コンサルティングの世界では、「顧客の課題=ネガティブなギャップを解決すること」が価値提供の基本だとよく言われます。でも、それは本当に正しいのでしょうか?
もちろん、困りごとを解決することは、コンサルティングにおいて重要な役割の一つです。しかし、市場が縮小し、あらゆる分野がゼロサム型の競争環境へとシフトしている今、「課題解決型」の支援だけでは、もはや十分とは言えません。
これからの時代に求められるのは、「すでにうまくいっていること=ポジティブな状態」をさらに伸ばし、強みを起点に新たな価値を生み出す“価値創造型”のアプローチです。
たとえば、既に持っている優位性をさらに尖らせたり、自社の得意領域を最大限に活かせる市場にフォーカスする、つまり、STP戦略(セグメンテーション・ターゲティング・ポジショニング)を通じて“勝てる戦い方”を選ぶことが、ますます重要になってきています。
強調したいのは、「課題解決型アプローチ」一辺倒に陥ると、かえって競争優位性を失うリスクがあるという点です。
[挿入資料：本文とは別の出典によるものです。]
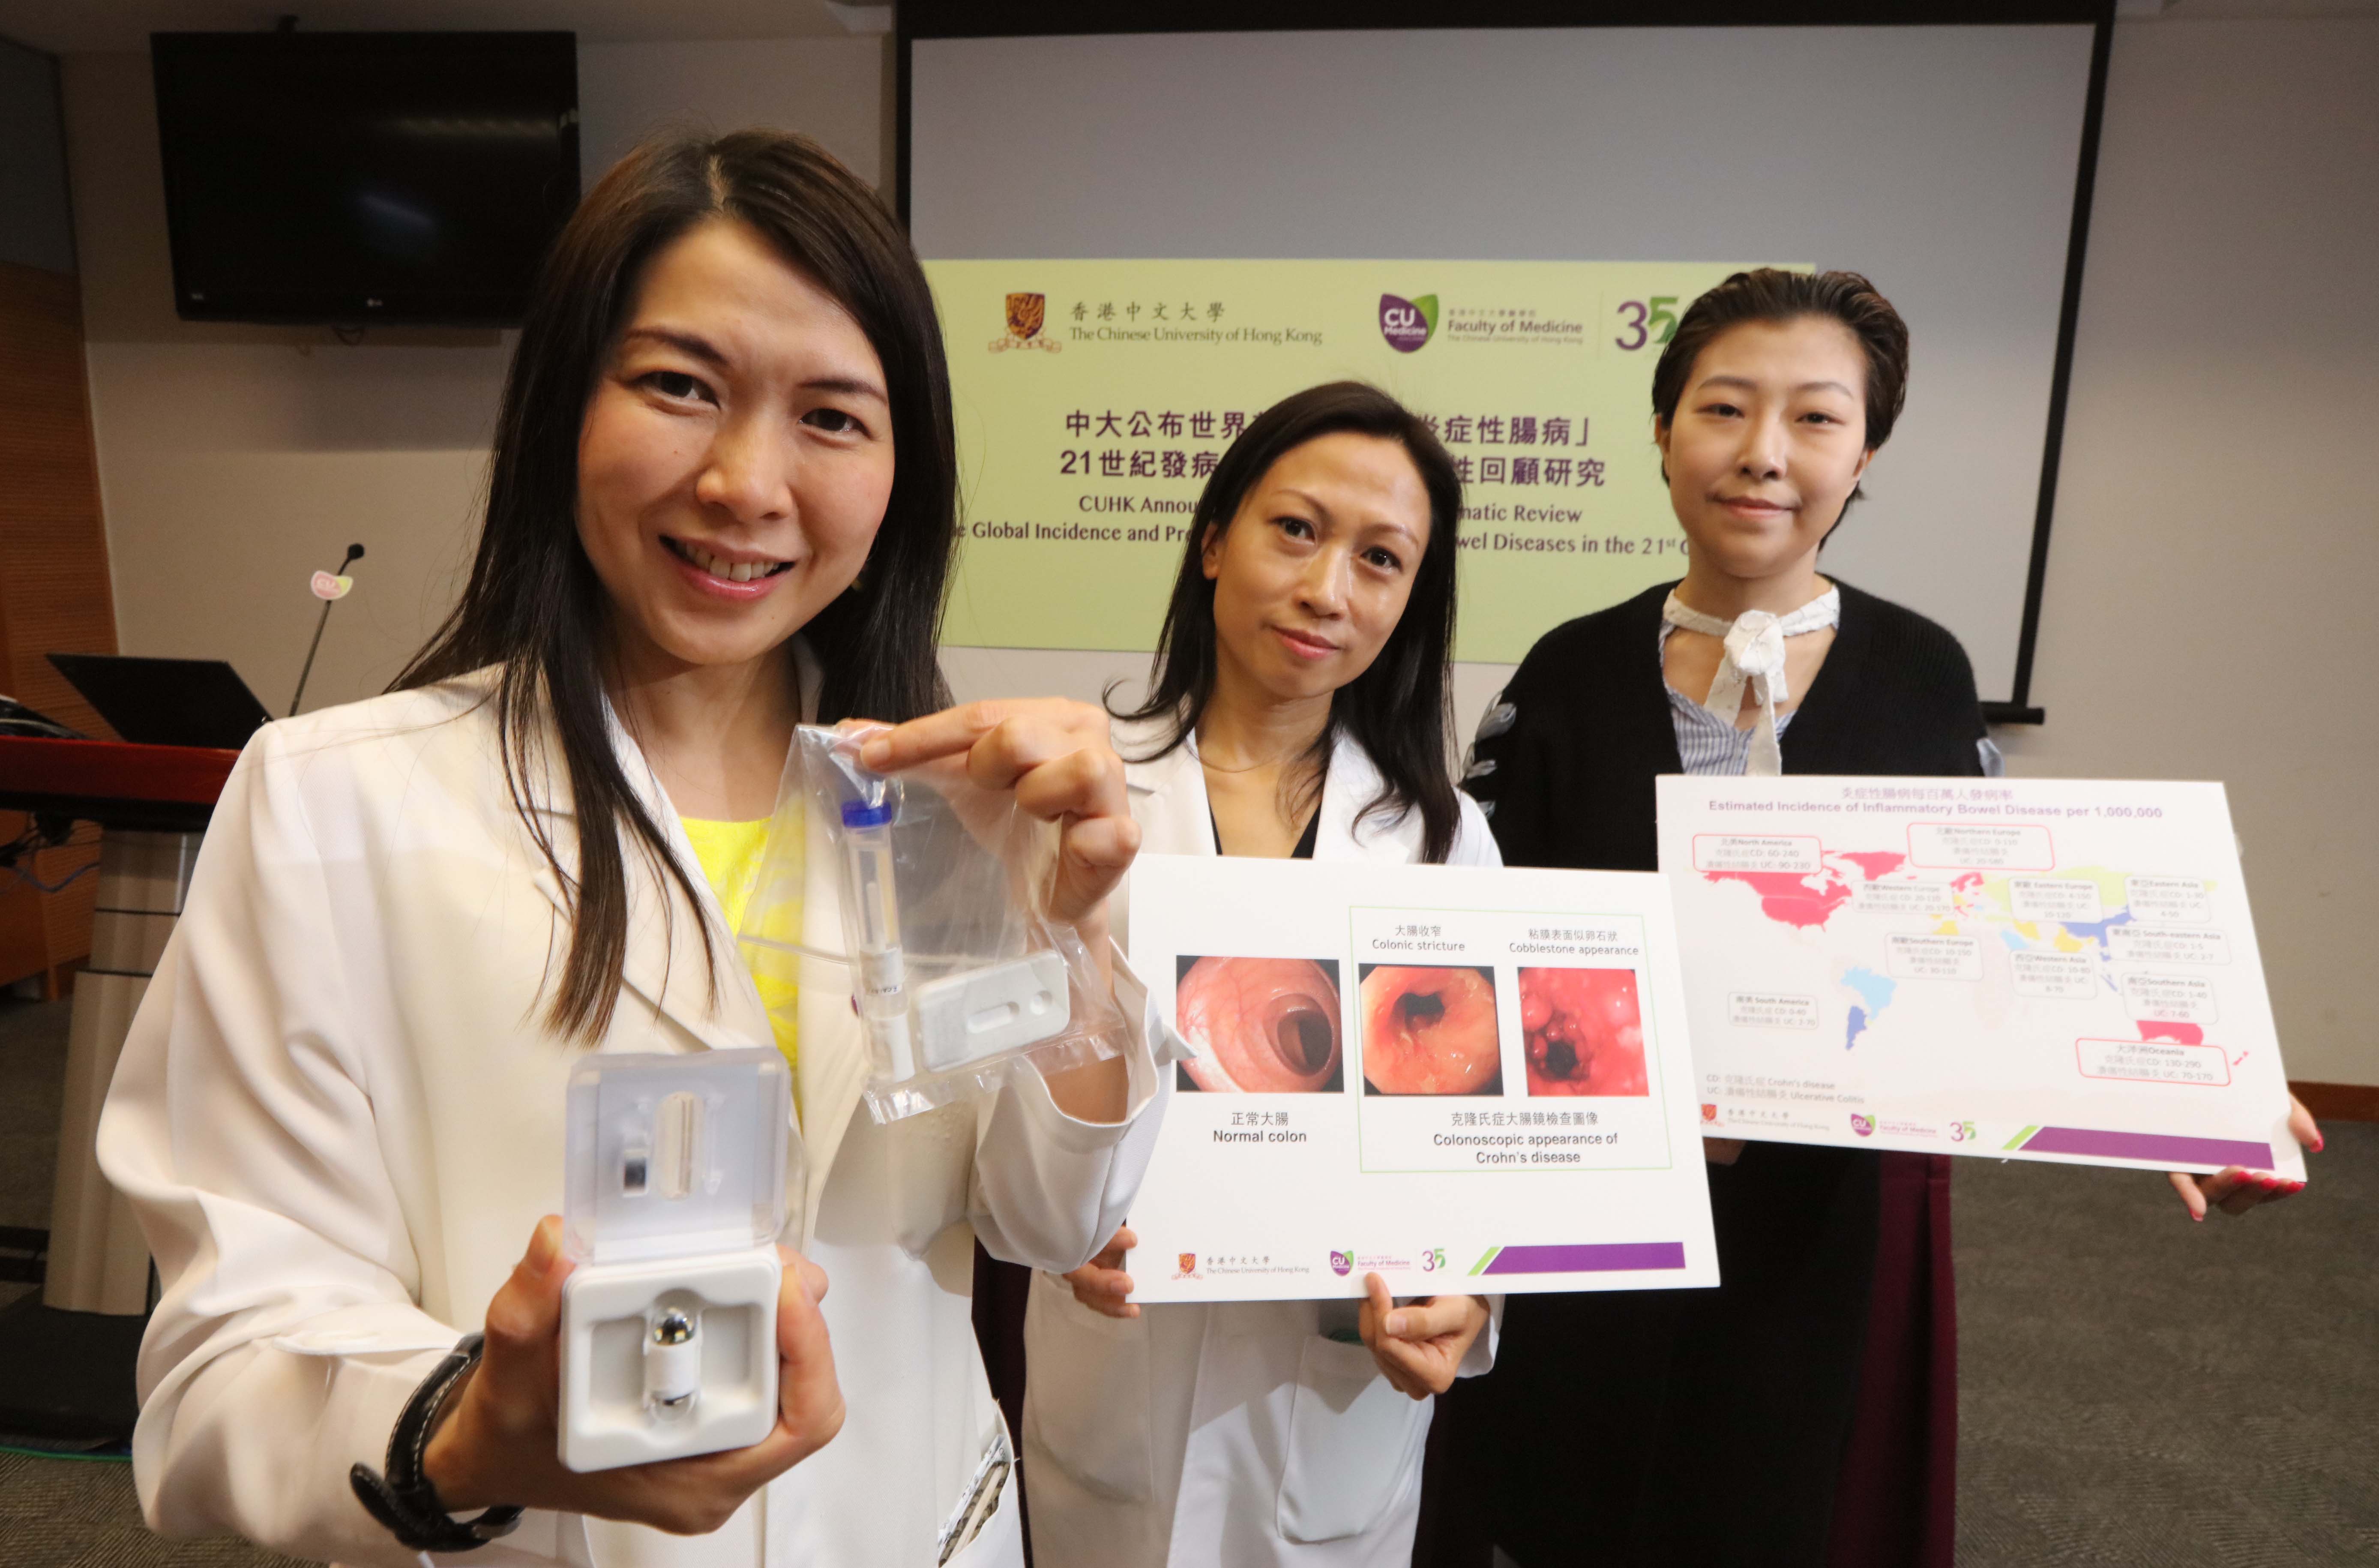 The Faculty of Medicine at CUHK announces the world’s first systematic review of the global incidence and prevalence of Inflammatory Bowel Diseases (IBD) in the 21st century and found the incidence in Hong Kong having risen about 30 times in the past 30 years. Study results have just been published in the leading medical journal The Lancet. (From left) Prof. Siew NG and Chief Nursing Officer Ms Jessica CHING from the Department of Medicine and Therapeutics, Faculty of Medicine at CUHK, and the IBD patient Miss SUM.

なぜなら、似たような課題に対して、どの企業も似たような解決策を採用することで、差別化が機能せず、同質化に陥ってしまうからです。
その結果、「課題は解決しているのに、なぜか選ばれない」というジレンマに直面することになります。
このようなコモディティ化(=差別化が困難な状態)のリスクは、特に成熟市場において顕著です。これは、ポジショニング理論(M.ポーター)やブルーオーシャン戦略でも繰り返し指摘されていることです。
一方で、顧客の強みや競争優位を起点とする支援は、単なる問題解決にとどまらず、依存型ではなく自律的な成長を促す支援につながります。それはクライアントとの長期的な関係性を築くうえでも、今後ますます求められる姿勢です。
「助ける」ことをゴールにしてしまうと、支援行為の“実施”で止まってしまいます。
しかし、「勝たせる」「成果を出させる」ことを目的にすれば、そこには戦略思考が不可欠です。
これからのコンサルティングには、問題を解く力だけでなく、「顧客を、どう勝たせるか」を設計する力が求められます。過去の延長線では勝てない時代だからこそ、価値の本質を見極め、“支援の質”そのものをアップデートする必要があるのです。